Баня?.. Баня, скажу я вам, мил человек, самая что ни на есть прилипчивая моя слабость. А радости-то, а здорового духа-то сколько в ней!
Для меня, к примеру, пускай сгинут со свету ванны всякие, каморки с душем жалкие, сауны чиновные паровые. А баню не тронь! Без неё, родимой, вся окружность захирела бы, короста поедом заела бы, вирусы загрызли бы мужика. И грызут.
В баньку собираюсь я с прочувствованием всех шагов своих, а не токмо о теле грешном мыслю, чтоб потешить в тепле да водицей обмыть его.

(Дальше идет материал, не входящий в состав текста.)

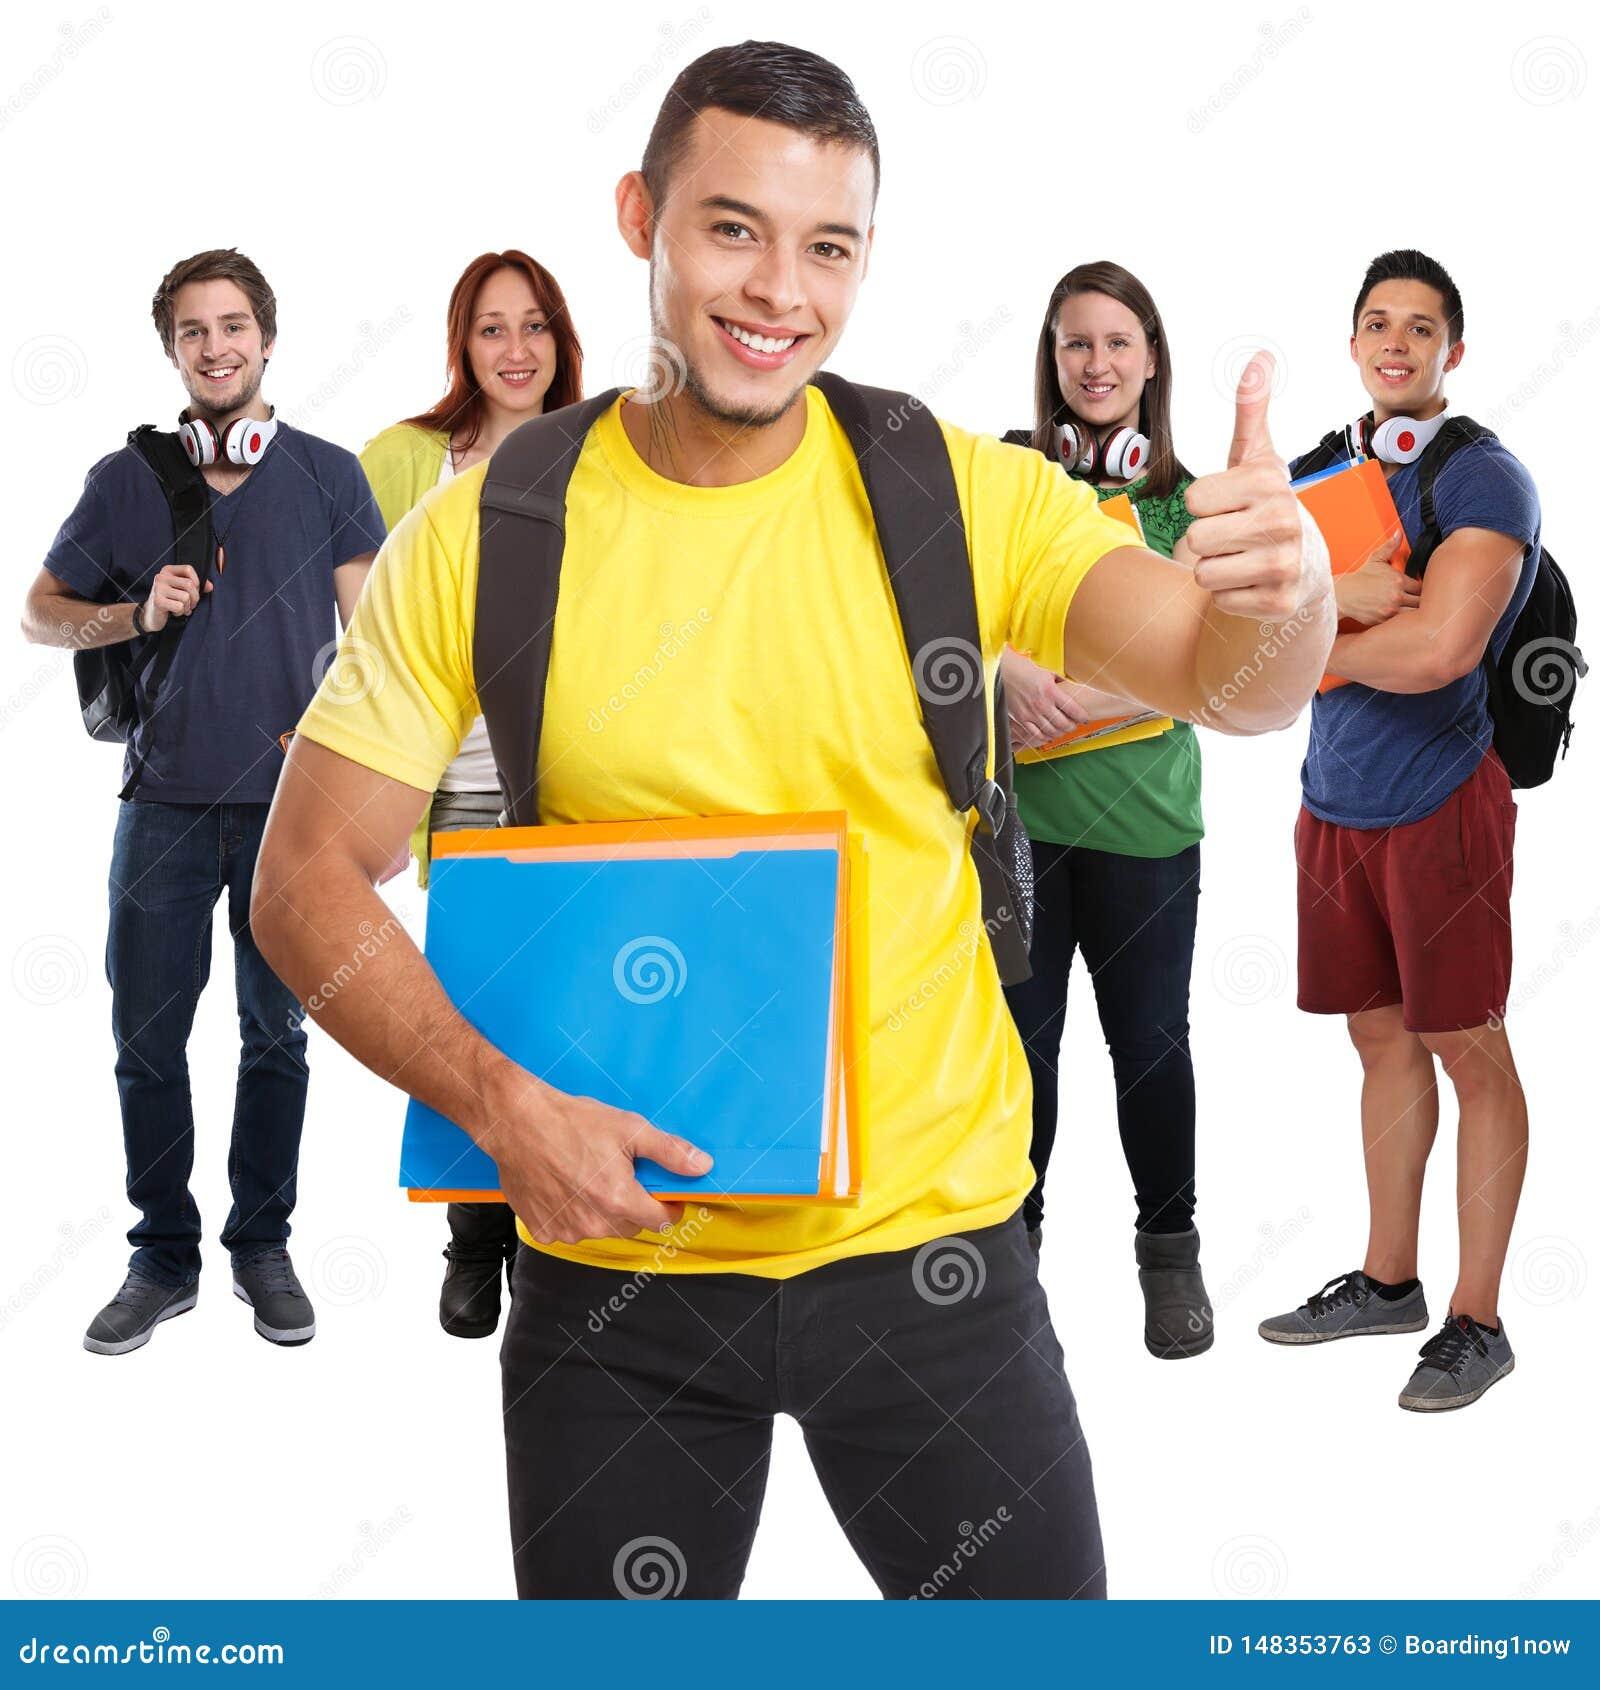 Ομάδα επιτυχών αντίχειρων επιτυχίας σπουδαστών που χαμογελούν επάνω τους τετραγωνικούς ανθρώπους που απομονώνονται στο λευκό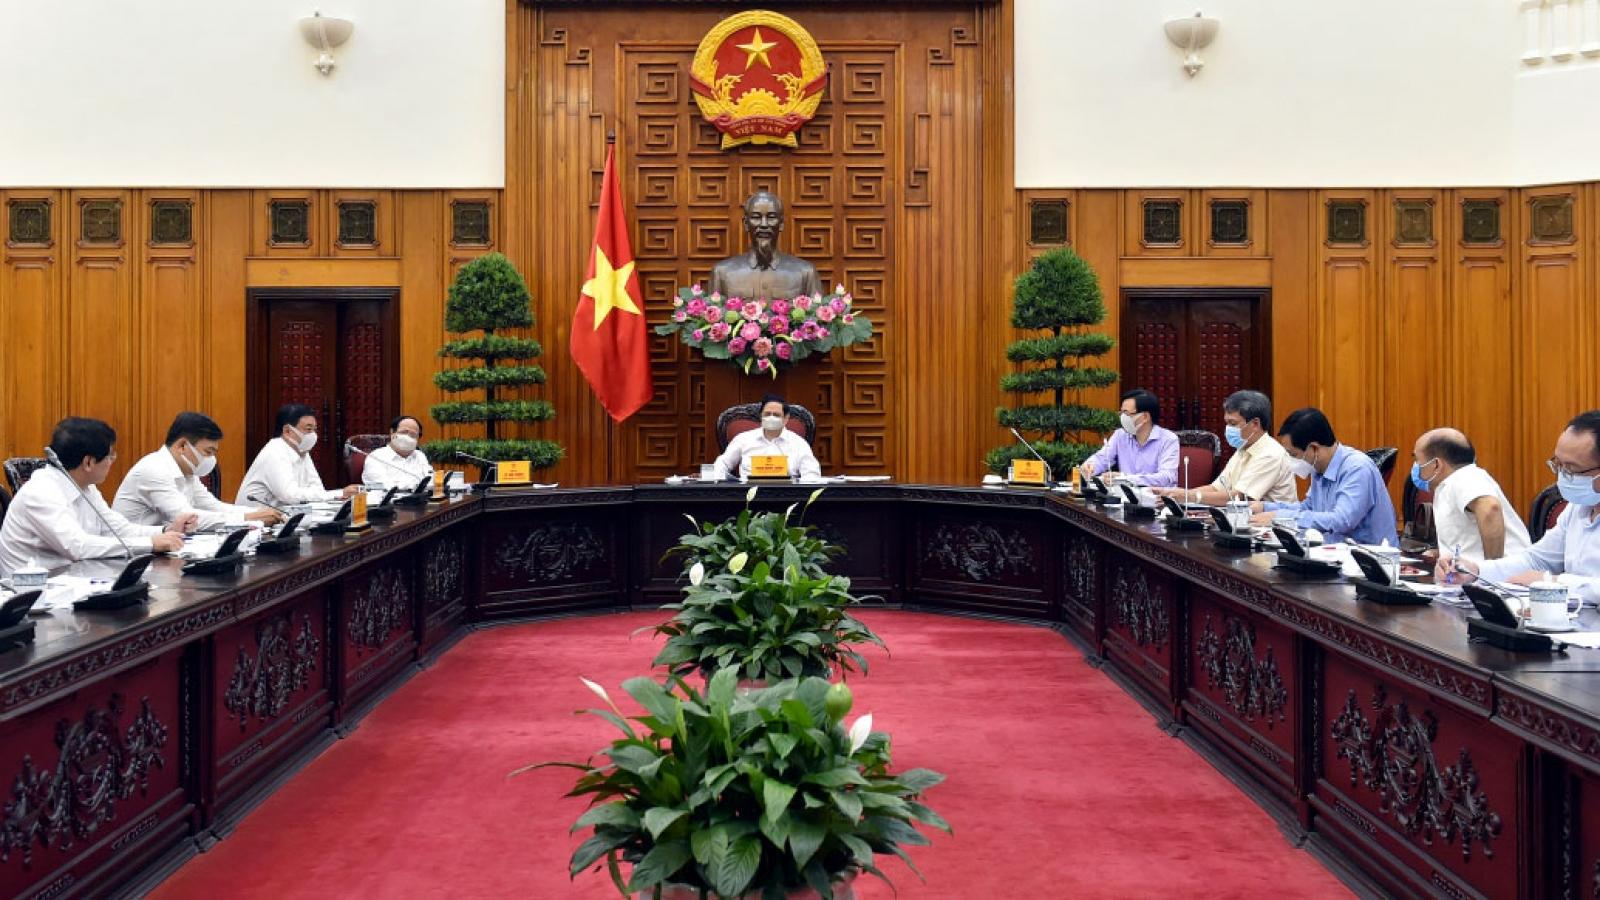 Thủ tướng: Cần xây dựng một Nghị quyết của Chính phủ về hợp tác xã

Видел, как народ на праздник собирается или богомолец на причастие шествует? Вот и я аккурат такой. Глядишь, часом, с полка на вихляния да игру мужичков жиденьких и думаешь: спроси ты у меня про какого из них — про каждого угадаю, кто сколько стоит. И что ему на роду написано. Баня — это зеркало.
Сообщу тебе также своё соображение по одному вопросу деликатному, не примай это за насмешку-зубоскалку, насмешничать не привыкши я.
Каждому малому ведомо диво библейское — сад райский. Не мне спорить до одури про то, был оный иль выдумка. А мне сдаётся, был тот сад, да банька в нём зря в писании не значится. Нет у меня сумнения, что Господь не только сам срубил её, а испытание произвёл на предмет пользы и удовольствия.
Вот закрою веки свои — и на тебе: передо мной солнышком отсвечивает чудо-хатка, и стоит она на лужку цветистом, рядом ручеёк булькает прозрачными струйками, по камушкам скачет-прыгает, студёностью привораживает Адама и Еву.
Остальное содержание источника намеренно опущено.